Music Lessons
A small Tennessee town comes to life through the vivid details of a family with high ambitions for their youngest girl.
You should never forget where you’ve come from—that’s the central message of Frances Walker’s Music Lessons. A story about journeys, hindsight, and finding one’s way back home again, this lively and sweet tale follows Grace Stevens and her evolution from poor Tennessee girl to big city coed.
Grace Stevens is in elementary school when she meets Bertie El Hewitt, a rich widow who gives piano lessons to the children of Grantville, Tennessee. Grace’s grandmother, mother, and aunt scheme and save to pay for lessons. Grace soon becomes a talented young woman, winning state competitions, adopting the luxuries of Bertie El’s lifestyle, and eventually packing up her things to leave her “hillbilly” town for the big city and Vanderbilt University.
The strength of Music Lessons is in its sense of place. Walker brings Grantville to vivid life through exact descriptions that make it an almost idyllic rural town. The setting is critical to the telling of the story, emphasizing the loving upbringing and close community that Grace leaves behind later in the novel. It is an effective strategy, cleverly balancing the two contradictory environments to enforce Grace’s discomfort and naivety as she navigates city life.
Walker has also created memorable and admirable characters, particularly in the trio of tough-talking women who surround Grace. They pay for her lessons, buy her a piano from a church rummage sale, and sew proper clothes for her lessons and eventual recitals. These actions reveal the three women as at once innocently hopeful and doggedly determined to raise their talented Grace above her mill-village life. Only Grace’s alcoholic father protests, chiding her with a common refrain that haunts Grace throughout the story: “Who do you think you are anyway?”
This opens up an important theme that runs through Music Lessons, one that is held under a harsh light during Grace and Bertie El’s first piano lesson, when she berates the young girl for her family’s poverty and the fact that children like her “rarely ever took advantage of good opportunities.” It’s obvious from the start that the piano lessons are a pathway to greater things. Walker best expresses this through Grace’s wardrobe, carefully built by her grandmother and aunt to convince those above her to accept the poor Tennessee “hick” as one of their own. At the same time, Walker keeps alive the warning that Grace’s ambitions will have repercussions; this is conveyed through Grace’s growing distance from her mother.

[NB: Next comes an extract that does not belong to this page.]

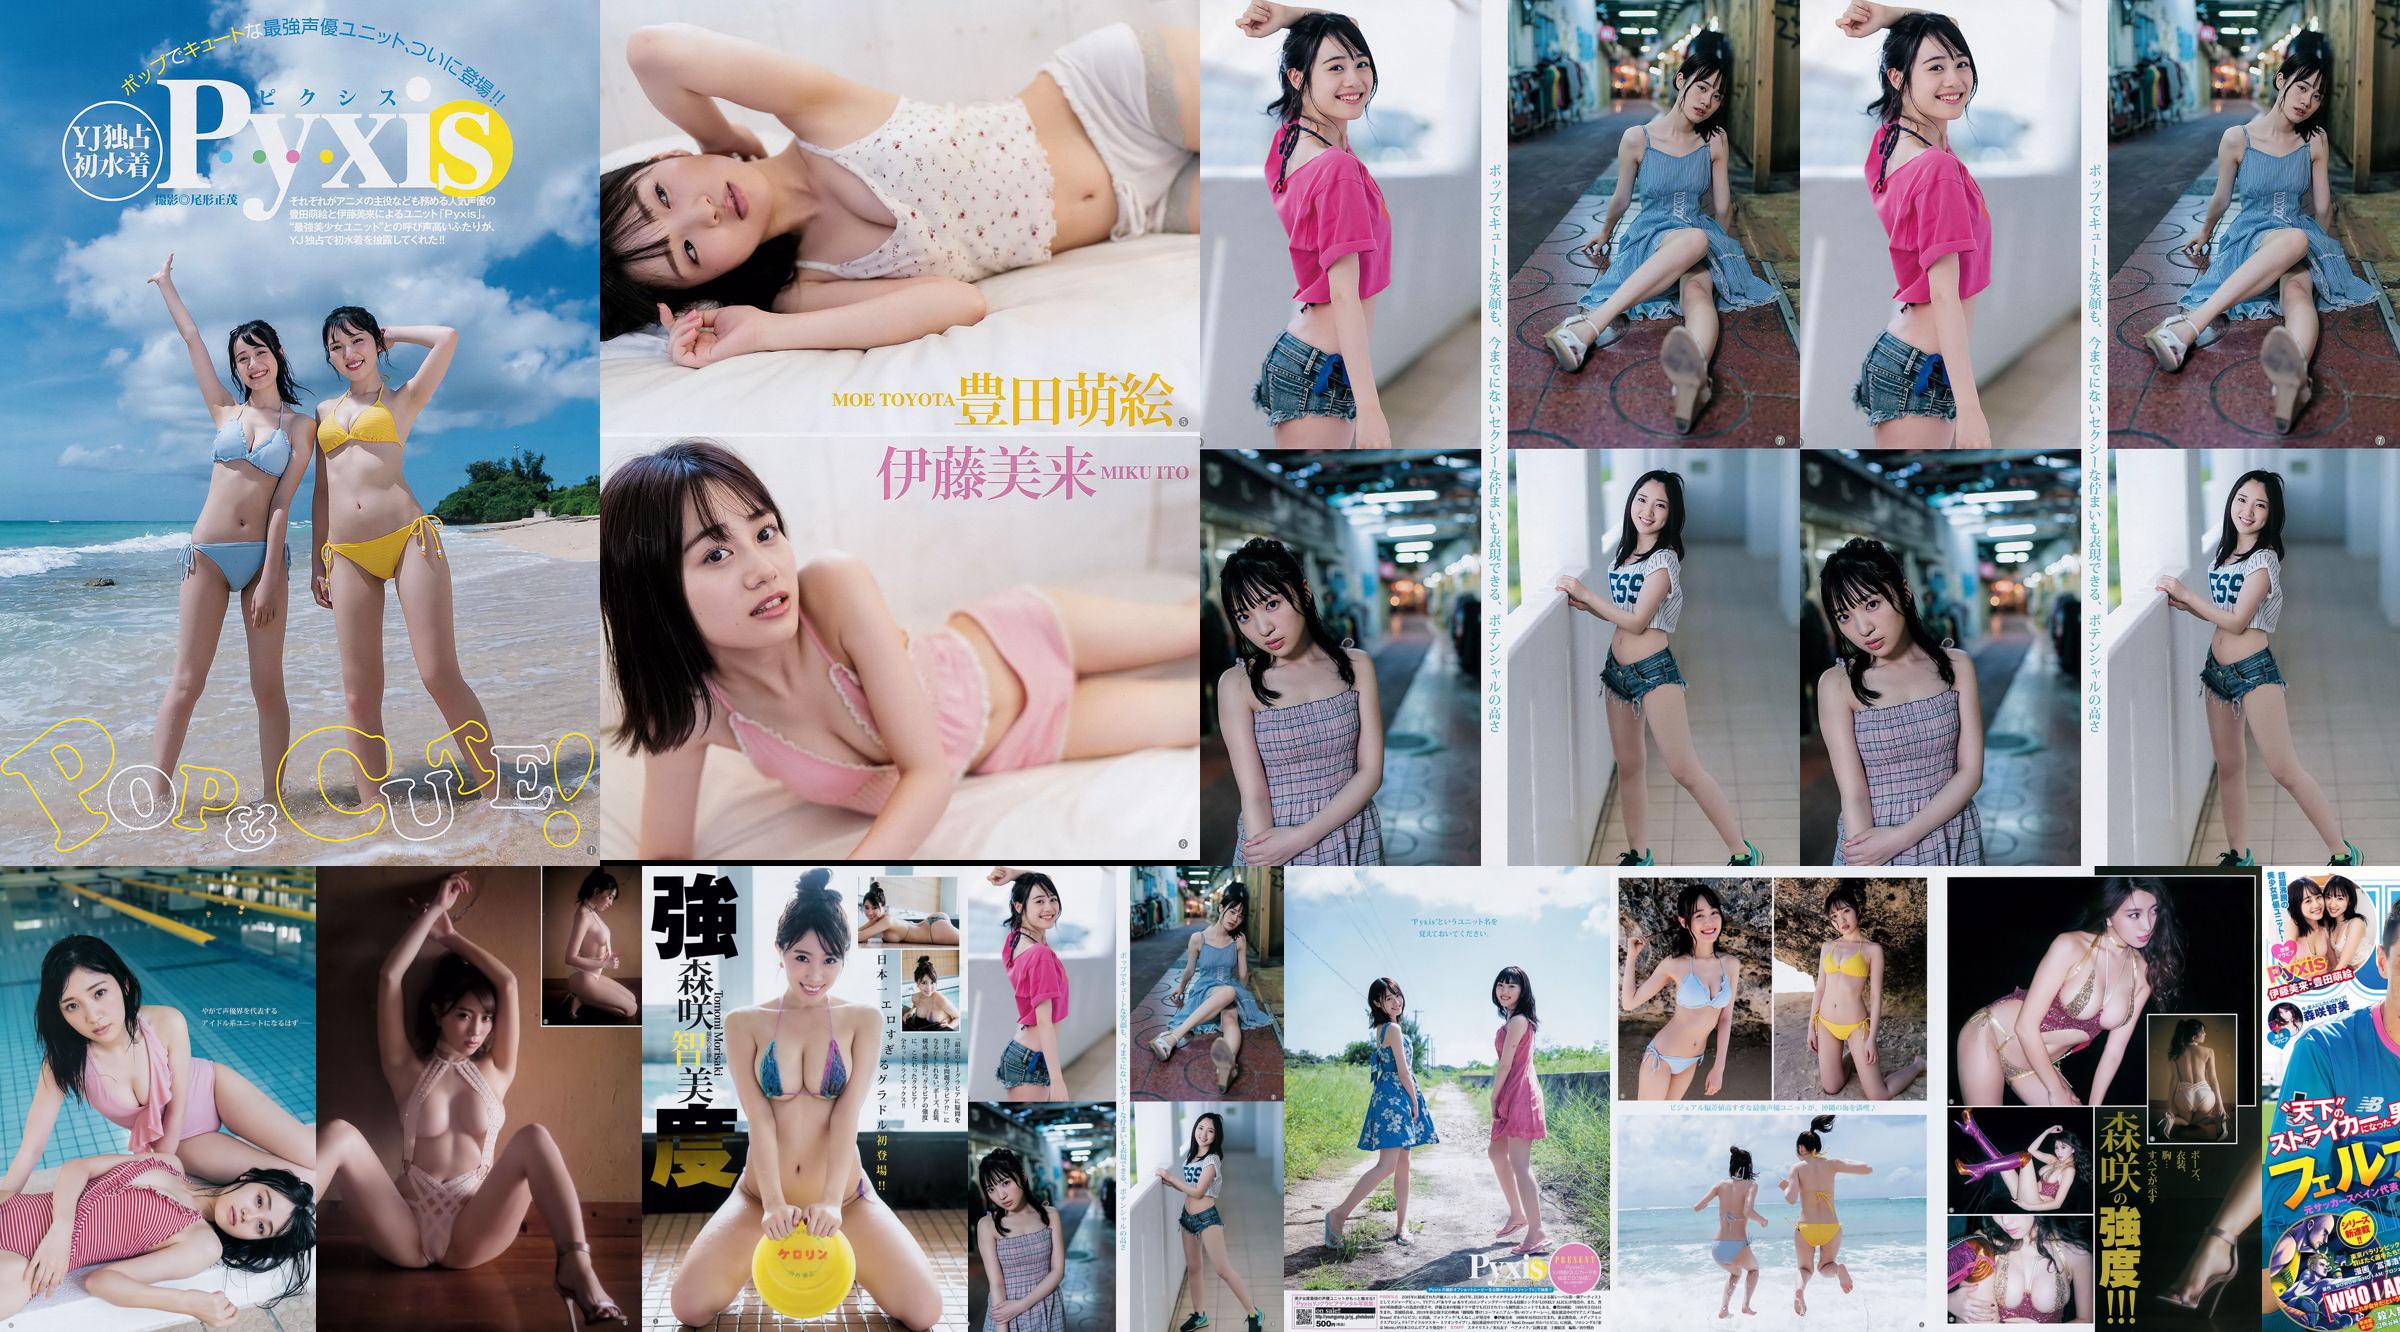 [Beautyleg] NO.851 Leg Model Miki Beauty Legs No.c0f6a2 Página 1

However, a flaw in the narrative arrives at the midpoint, when Grace’s charmed life turns sour. Because Walker allows Grace to live so easily until Vanderbilt, hinting subtly that her protagonist will struggle to adjust to a new life, Grace’s more severe struggles seem to come from nowhere. There are no hints that Grace—despite her good fortune—struggles with feelings of insecurity and inherited alcoholism from her father and grandfather. Because there’s little preparation, the increasing severity of Grace’s problems seems unrealistic.
Nonetheless, Music Lessons is a touching tale about achieving dreams, accepting others, and finding oneself. Though slightly saccharine at times—thanks to its rags-to-riches theme and numerous protestations of gratitude by the novel’s characters—Walker weaves a thoroughly entertaining tale, strengthened by her acute sense of place and the larger-than-life Stevens women.